Когда мы пришли, Александр Яковлевич уже меня дожидался – но что делать, ему пришлось подождать еще некоторое время. «А все-таки что-то там есть», – говорил отец, имея в виду Высшую Силу, Провидение, хранящее нас – когда случался к тому повод. На сей раз Провидение своим орудием избрало мой кишечник. Презрев приличия, первым делом я влетел в «одно место». (Предвоенная детвора потешалась, посмотрев фильм «Музыкальная история»: «Куда, куда вы удалились?» – «Пошли в бортрест и провалились».) И я вижу: в унитазе рыбьим пузырем плавает надувшийся презерватив, который даже после низвержения хлябей не собирается исчезать. Взяв из ведерка длинную щепу, я «сдуваю» его. Со второй попытки удается от него избавиться, не то как бы я вышел из уборной – оставив его плавать? Становится не по себе при мысли, что первым там мог оказаться отнюдь не я. Отец прав, говоря, что «там что-то есть».
ПЛОТЬ
Александр Яковлевич дважды в неделю надувал меня альтовостью, отчего я раздувался, как известная лягушка. Аккомпанировала моя мать. Он делал замечание мне, а обращался к ней – как и Шаевич в свое время, мой первый учитель, с тою лишь разницей, что о моем непоступлении в консерваторию даже не было речи. Я сделался, по профессиональному выражению, «играющим человеком» [92] и им уже останусь, благо Исачок мне пальца не откусил, смирился с тем, что я буду, как он… Ну не «как», не «как», но одного цеха – глядишь, еще будем встречаться на проходной. Даже альтовые анекдоты, коих Исачок был неисчерпаемый кладезь, утратили свой уничижительный характер. Из «недоношенного скрипача» альтист превращается в выразителя оркестровой народной мудрости: «Поймал альтист золотую рыбку. “Хочу, чтоб сейчас все дирижеры, с которыми я играл, проплыли передо мной в гробах”. – “Но ты же играл и с великими дирижерами”. – “А великие пусть плывут в золотых гробах”».

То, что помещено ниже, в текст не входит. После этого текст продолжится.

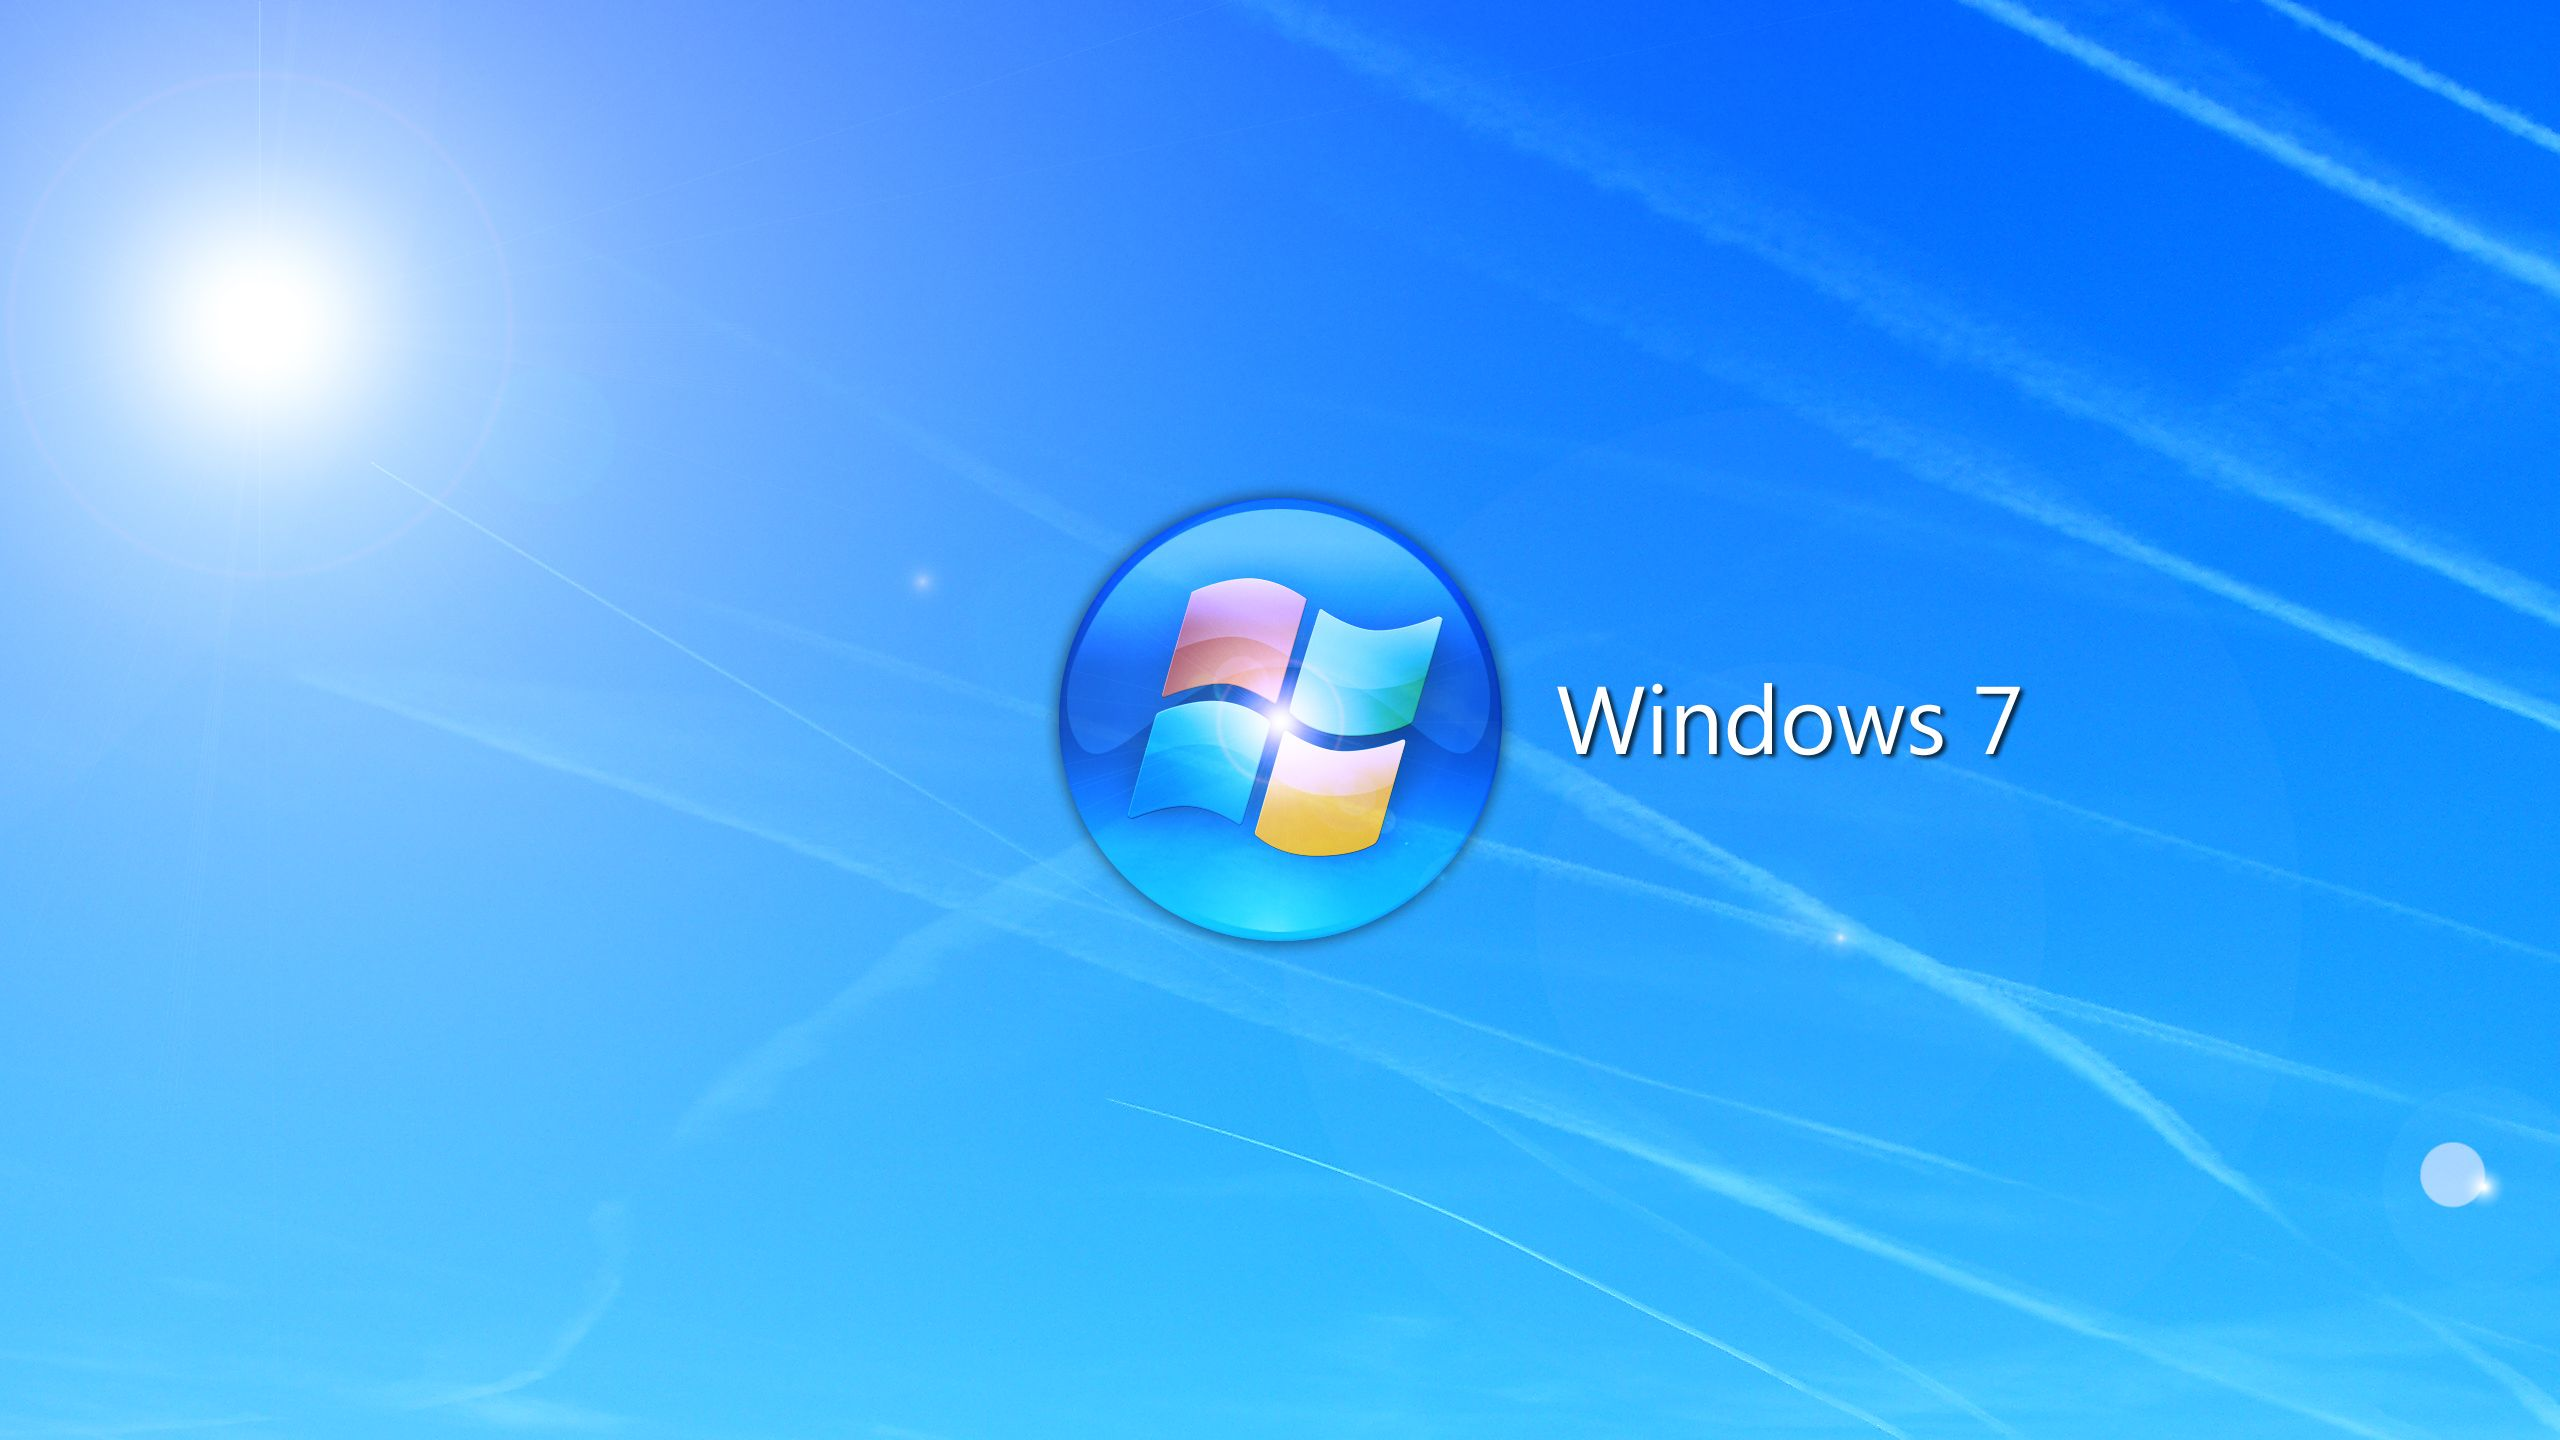 Установка Обоев На Рабочий Стол Windows 7

Соперничество по линии Юлик – Анечка заглохло само собой: девочка. Будущая тетенька. С дяденьками тетеньки не состязаются, они состязаются с другими тетеньками за дяденьку. Объективно семья дяди Исаака и наша прекрасно дополняли друг друга: жили в разных стихиях. Те – «беснующиеся в огне саламандры», эти – амфибии. Те в огне не горят, эти в воде не тонут. Экстраверт и интроверт не задушат друг друга в объятьях, они промахнутся. Если «заграница – способ приведения людей к общему знаменателю» в отдельно взятой стране, то в масштабе человечества такой заграницей является плоть. Интроверт и экстраверт, банкир и уборщица, ты и я одинаково во плоти («одинаковы во плоти»).

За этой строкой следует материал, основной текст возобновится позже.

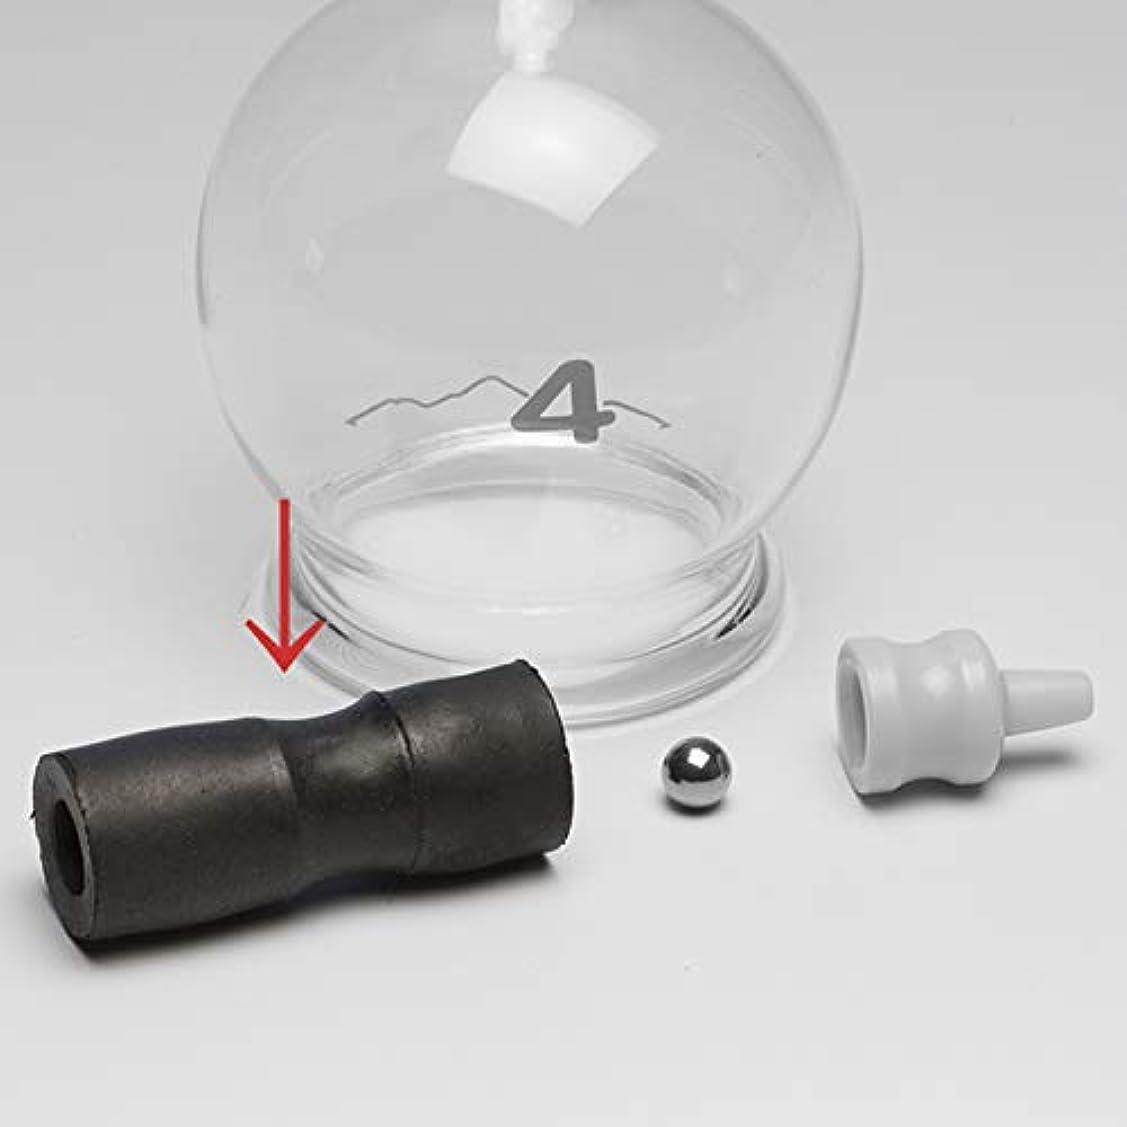 遺産告発者週末霧島ガラス玉(電動吸い玉機器用吸着具)用黒ゴム弁(ゴムのみ)|吸灸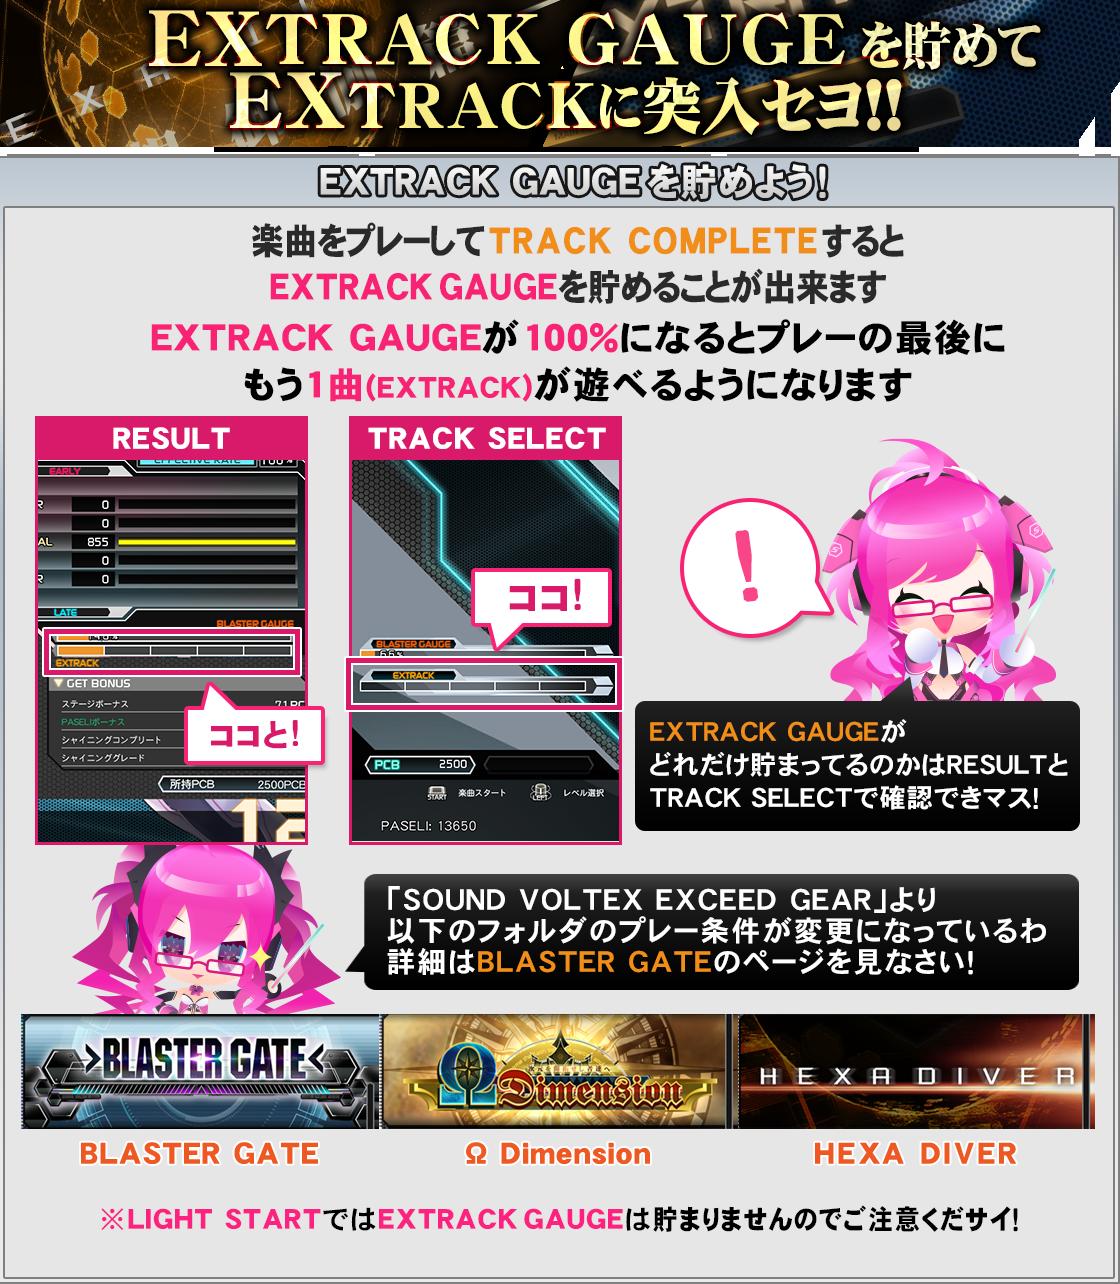 EXTRACK

Понимание, что поллюция не сокровенна, что «радость на всех одна», поначалу дается с трудом. Это трудно принять тому, кто, засыпая, видит рисунок обоев, а не спит посреди помещения, до стены же еще двадцать пять кроватей. Две красивые женщины рядом, одна в другой любуясь своим отражением, умножают очарование друг друга. Но толпа красавиц жалка и эросу неприятна: десятый класс на двадцать парт в женской школе, перетоплено, душно – вдыхая миазмы пота и менструации, учительница читает: «Коня седлаю и скачу».

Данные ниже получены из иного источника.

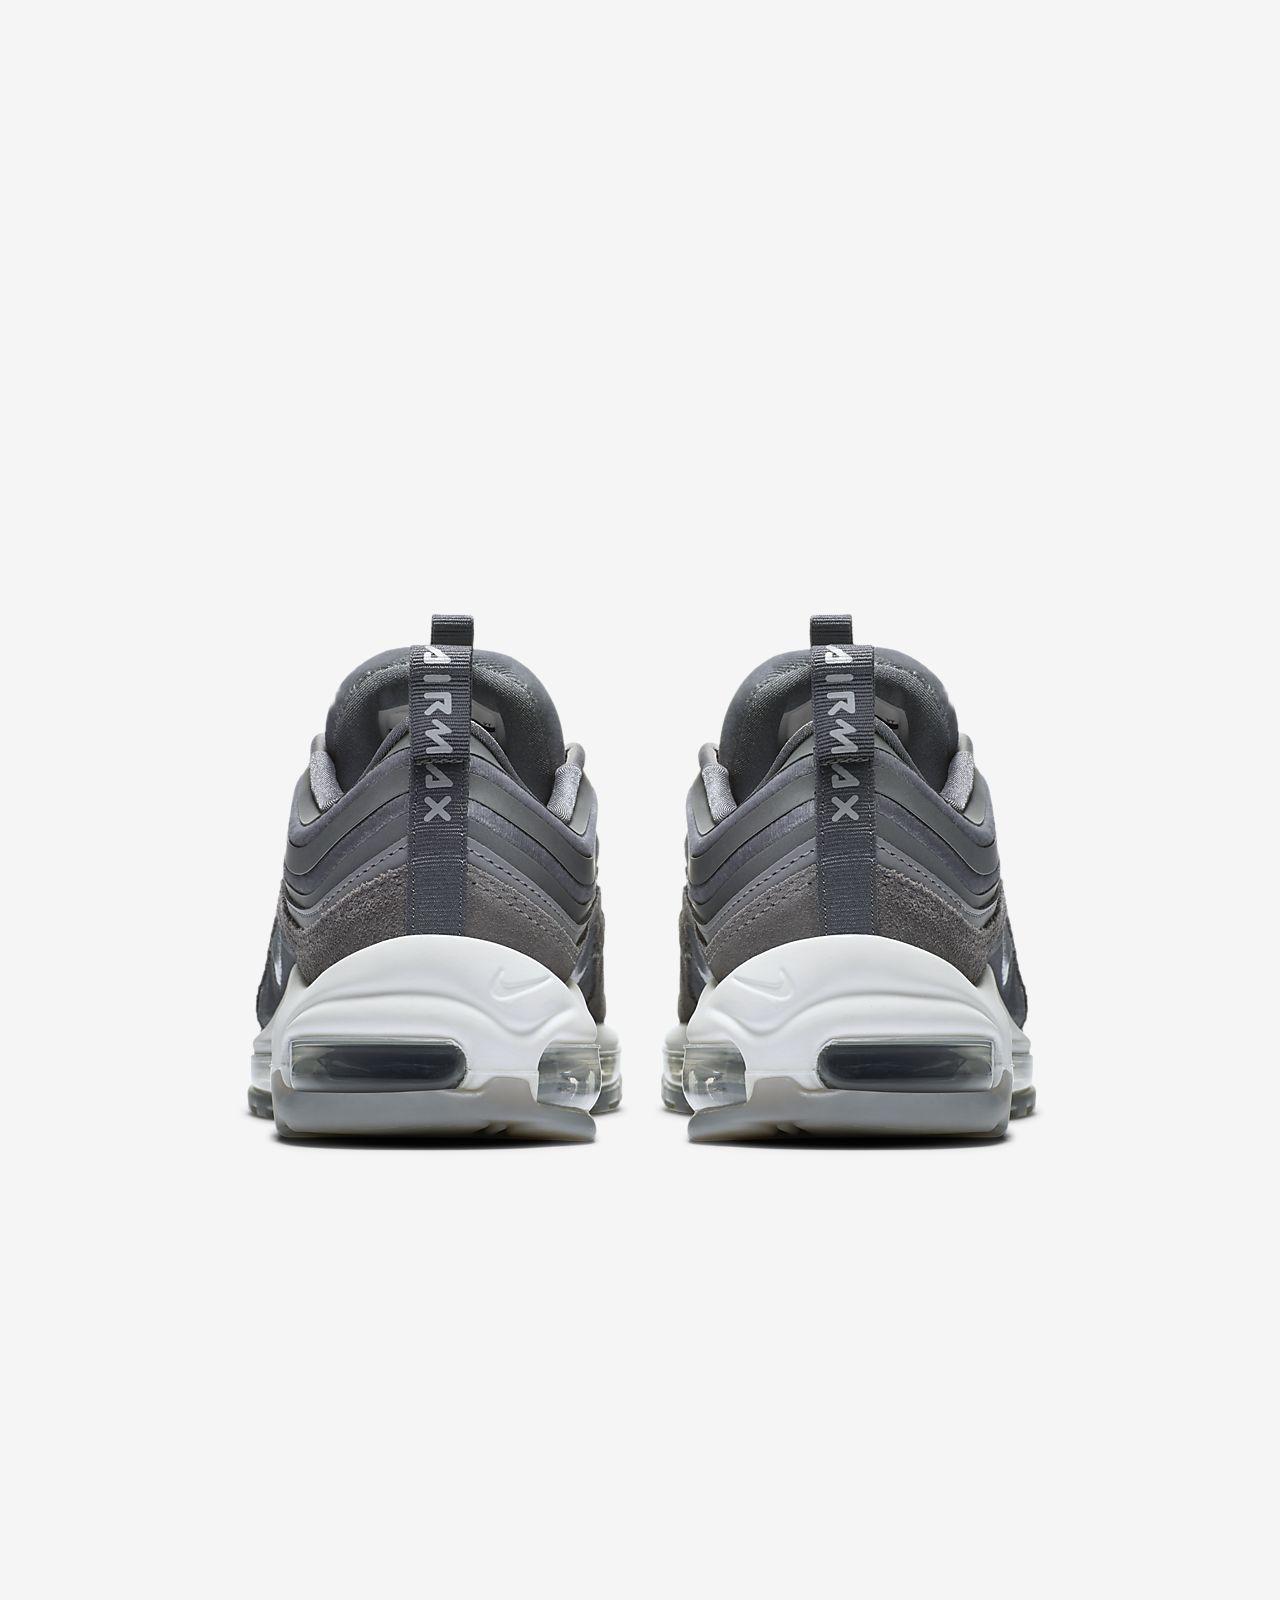 nike air max 97 ultra '17 women's shoe silver

В трамвае соскабливаешь ногтями ледяной гербарий с окна. «Всего-то месяц прошел или два, как нерастраченная острота детских вожделений нашла поддержку у тела, наконец созревшего, чтобы их сполна воплотить». Сквозь царапины на белом стекле видишь бессвязные фрагменты уличного шоу. Два ватника – лица в объектив не попадают, тем проще их дорисовать. Неужели и эти двое трубопрокладчиков испытывают ту же нежную сладость?